There was a card with the flowers. The message upon it was austere: ‘To Miss Prendergast with kind regards, Fraam der Linssen.’
Lucy studied it carefully. It was a kind gesture even if rather on the cold side. And what a very peculiar name!
It was decided that instead of going on night duty the next day, Lucy should have her nights off with the addition of two days’ sick leave. She didn’t feel in the least sick, but she was still sore, and parts of her person were all colours of the rainbow and Authority having decreed it, who was she to dispute their ruling?

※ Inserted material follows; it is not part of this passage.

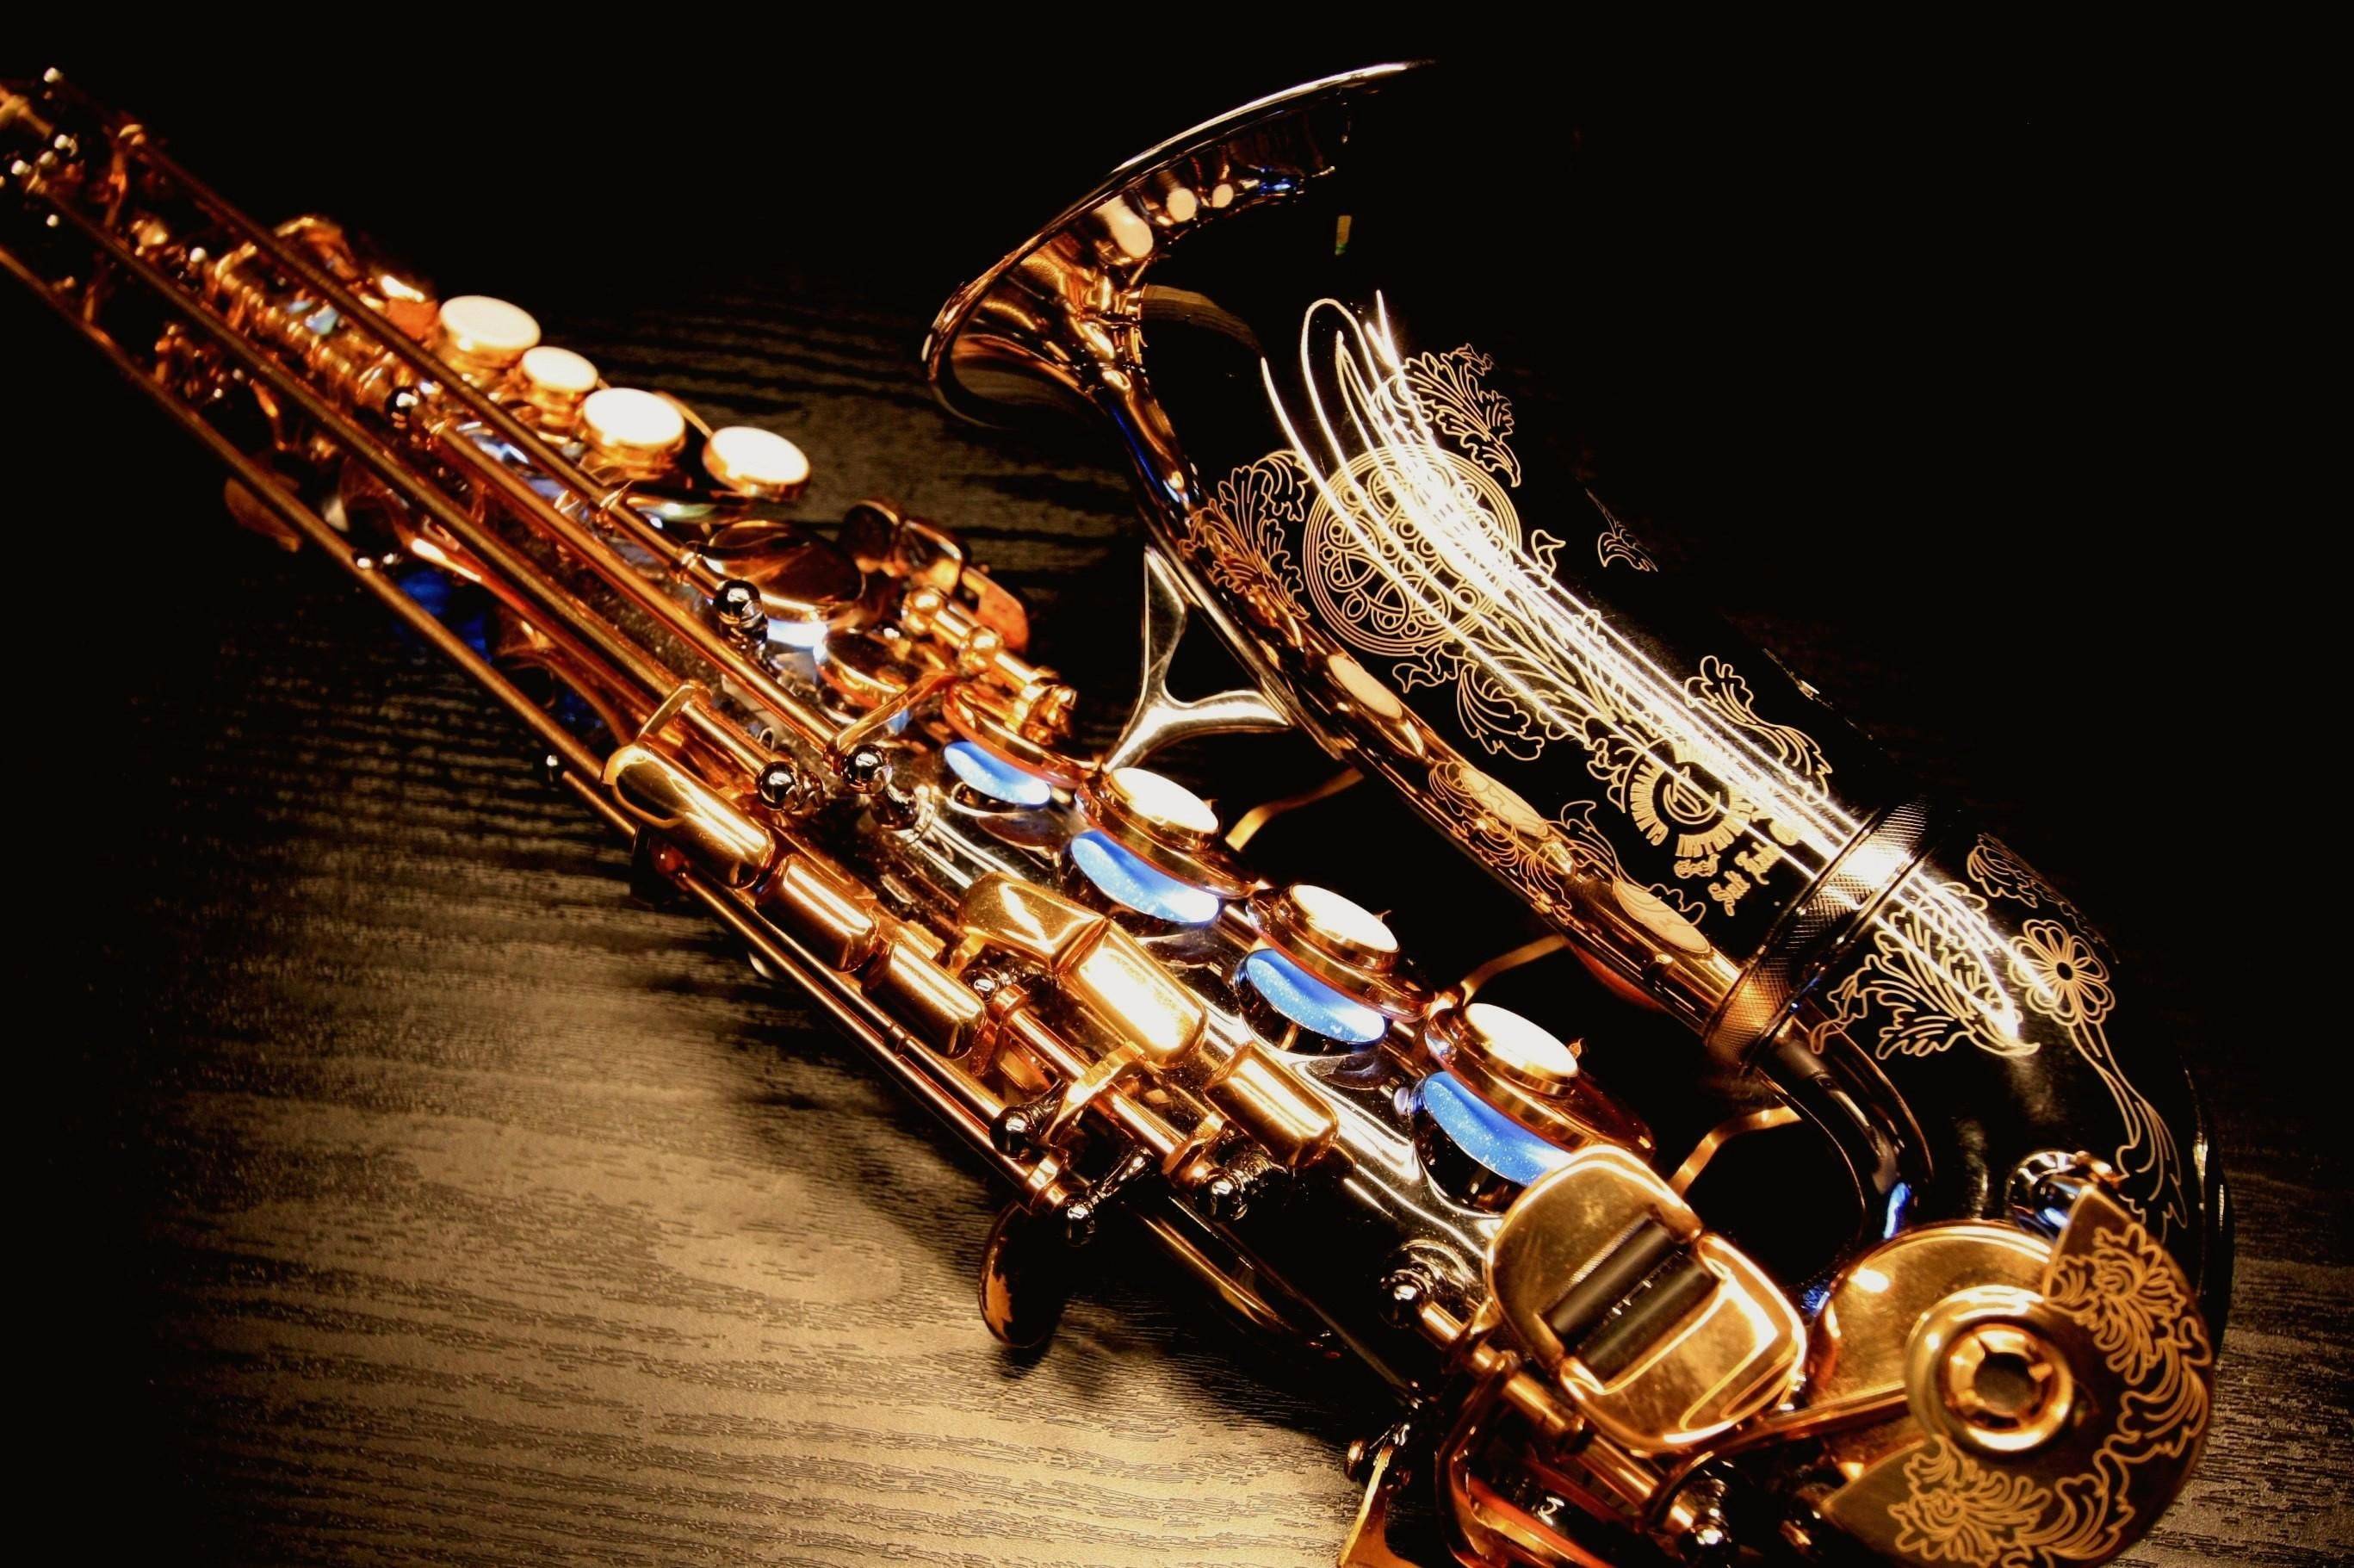 Saxophone Wallpaper Phone For Desktop Wallpaper 2734 x 1821 px 1.46 MB jazz art trumpet band saxophone widescreen desktop

Her family welcomed her warmly, but beyond commending her for conduct which he, good man that he was, took for granted, her father had little to say about her rescue of the little boy. Her brothers teased her affectionately, but it was her mother who said: ‘Your father is so proud of you, darling, and so are the boys, but you know what boys are.’ They smiled at each other. ‘I’m proud of you too—you’re such a small creature and you could have been mown down.’ Mrs Prendergast smiled again, rather mistily. ‘That nice man who stopped and took you both into the hospital wrote me a letter—I’ve got it here; I thought you might like to see it—a Dutch name, too. I suppose he was just passing…’
‘He’s the lecturer—you remember, Mother? When I fell asleep.’
Her mother giggled. ‘Darling—I didn’t know, do tell me all about it.’
Lucy did, and now that it was all over and done with she laughed just as much as her mother over the fish and chips.